Ablación por Radiofrecuencia en Nódulos y Cáncer Papilar de Tiroides: Un Enfoque Conservador y Preciso

La ablación por radiofrecuencia (RFA) es un procedimiento mínimamente invasivo que se utiliza para tratar ciertos nódulos tiroideos y, en casos seleccionados, pequeños cánceres papilares de tiroides. Consiste en aplicar energía térmica directamente dentro del tejido afectado utilizando una aguja guiada por ecografía. El objetivo es reducir el tamaño del nódulo o controlar el crecimiento del cáncer, preservando la mayor parte posible de la glándula tiroidea.

Por qué la precisión es tan importante

El cuello es una región anatómica muy delicada. La tiroides está rodeada de estructuras fundamentales como nervios, vasos sanguíneos y la tráquea. Por eso, la guía por ecografía es un elemento esencial en la RFA. El especialista visualiza en tiempo real el nódulo y los tejidos cercanos para trabajar con precisión milimétrica.

El procedimiento se realiza aplicando energía en pequeñas secciones del nódulo, moviendo el electrodo de forma controlada. Este método fracción por fracción permite tratar el tejido objetivo sin afectar otras áreas.

Cuándo puede considerarse la ablación

La RFA es una opción para nódulos tiroideos benignos que provocan molestia estética, presión o síntomas al tragar, así como para ciertos nódulos que producen hormonas de manera autónoma. En estos casos, la ablación puede ayudar a disminuir la actividad o el tamaño sin necesidad de retirar la glándula completa.

En el caso del cáncer papilar de tiroides, la RFA puede considerarse cuando:

  • El tumor es pequeño, generalmente menor de 1.5 cm.
  • No hay evidencia de extensión a ganglios linfáticos.
  • La lesión se encuentra en una posición accesible y segura.
  • Existe seguimiento clínico y ecográfico disponible.

En lugar de reemplazar la cirugía en todos los casos, la RFA representa una alternativa para personas que buscan preservar la función tiroidea o desean una opción menos invasiva cuando es clínicamente viable.

La importancia de la selección adecuada de pacientes

Antes de considerar una RFA, se realiza una ecografía detallada del cuello, y cuando es necesario, se toman muestras con aguja fina. En nódulos indeterminados, puede emplearse análisis molecular para evaluar el comportamiento potencial de las células.

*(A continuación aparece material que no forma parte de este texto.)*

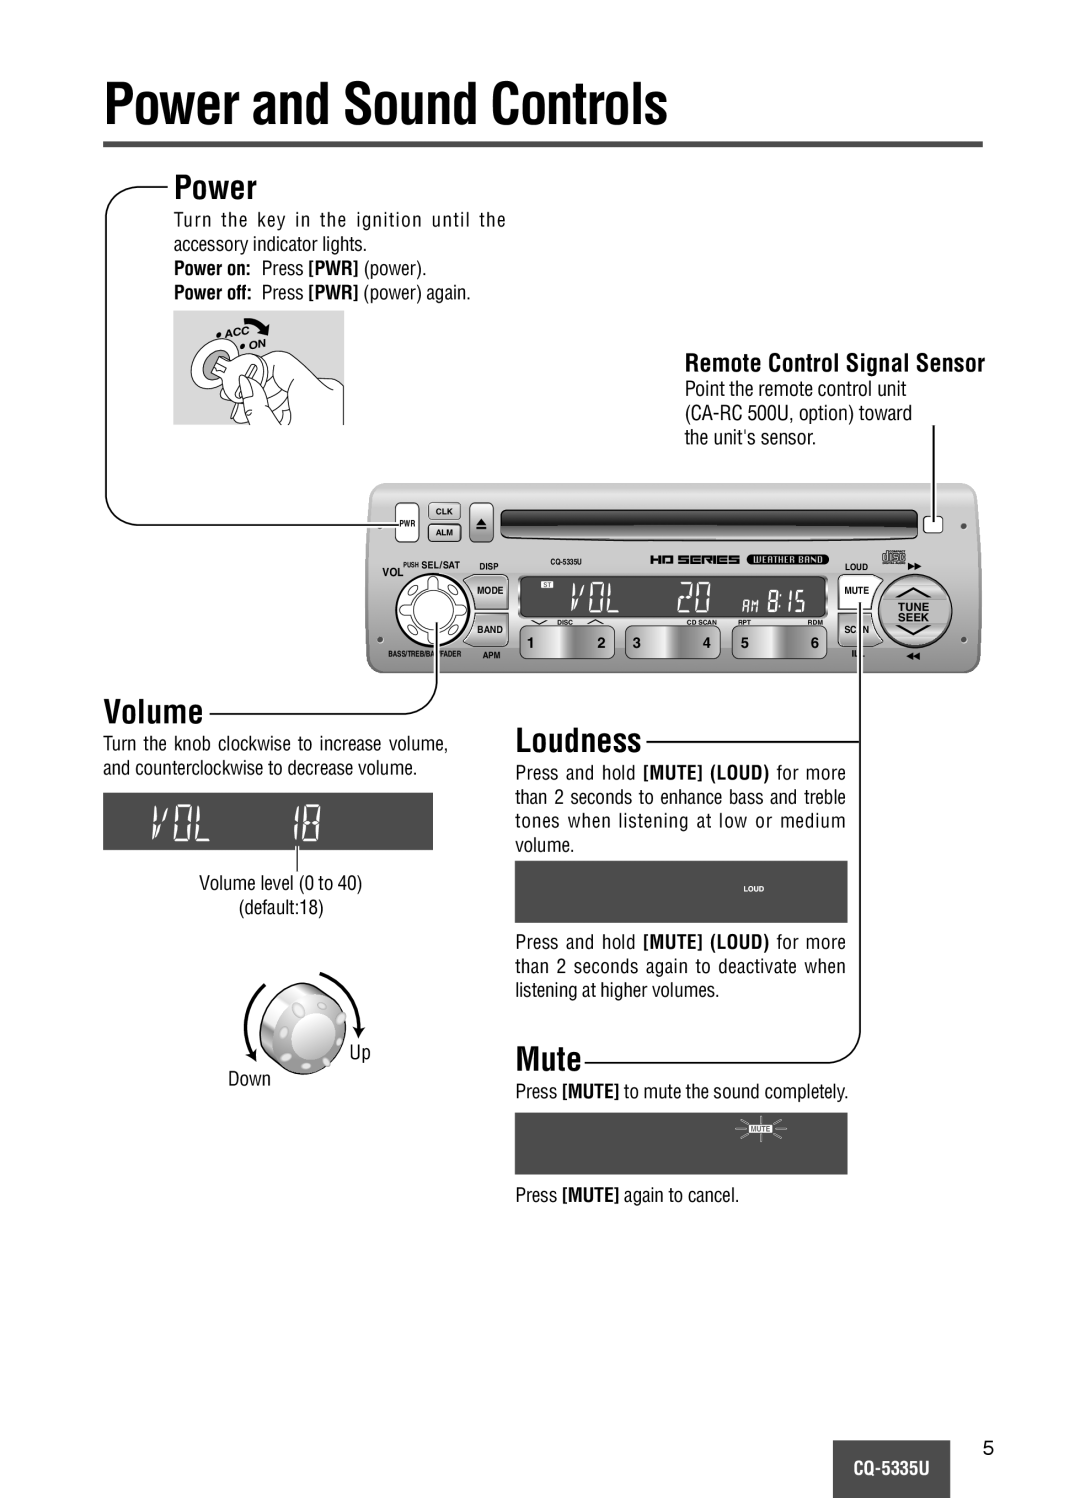 Panasonic CQ-5335U operating instructions Power and Sound Controls, Volume, Loudness, Mute, Remote Control Signal Sensor

La selección cuidadosa reduce riesgos y mejora los resultados. Además, para lesiones cancerosas, se verifica que no exista afectación de ganglios cercanos. Cuando sí la hay, pueden requerirse enfoques diferentes.

Seguimiento después de la ablación

Tras la RFA, el tejido tratado cambia gradualmente de forma y tamaño en los meses posteriores. El seguimiento se realiza mediante ecografía periódica para observar estos cambios y verificar la estabilidad del área tratada.

En el ámbito de cáncer papilar, existen nuevas herramientas en investigación para seguimiento, incluyendo el análisis de ADN tumoral circulante, que podría ofrecer información adicional en el futuro para detectar recurrencias de forma temprana.

Ventajas de un enfoque preservador

Para algunas personas, mantener la función natural de la tiroides es una prioridad. La RFA puede ofrecer una alternativa que busca preservar tejido sano, evitando en muchos casos la necesidad de reemplazo hormonal permanente.

Aun así, no todas las situaciones son adecuadas para un enfoque mínimamente invasivo. La decisión depende de factores como el tamaño, ubicación, comportamiento celular y estado general de la persona.

El rol del equipo médico

La experiencia del especialista es un componente fundamental. La técnica depende tanto del dominio de la ecografía como de la familiaridad con la anatomía del cuello y el manejo de diferentes escenarios dentro del procedimiento.

Por esta razón, es recomendable que la RFA sea realizada en centros con experiencia en enfermedades de tiroides y con equipos que trabajen de manera coordinada en evaluación, tratamiento y seguimiento.

Conclusión

La ablación por radiofrecuencia representa una opción precisa y conservadora para el manejo de ciertos nódulos y cáncer papilar de tiroides en casos cuidadosamente seleccionados. No sustituye todos los tratamientos existentes, pero amplía el abanico de posibilidades para quienes buscan preservar la función tiroidea y minimizar intervenciones invasivas.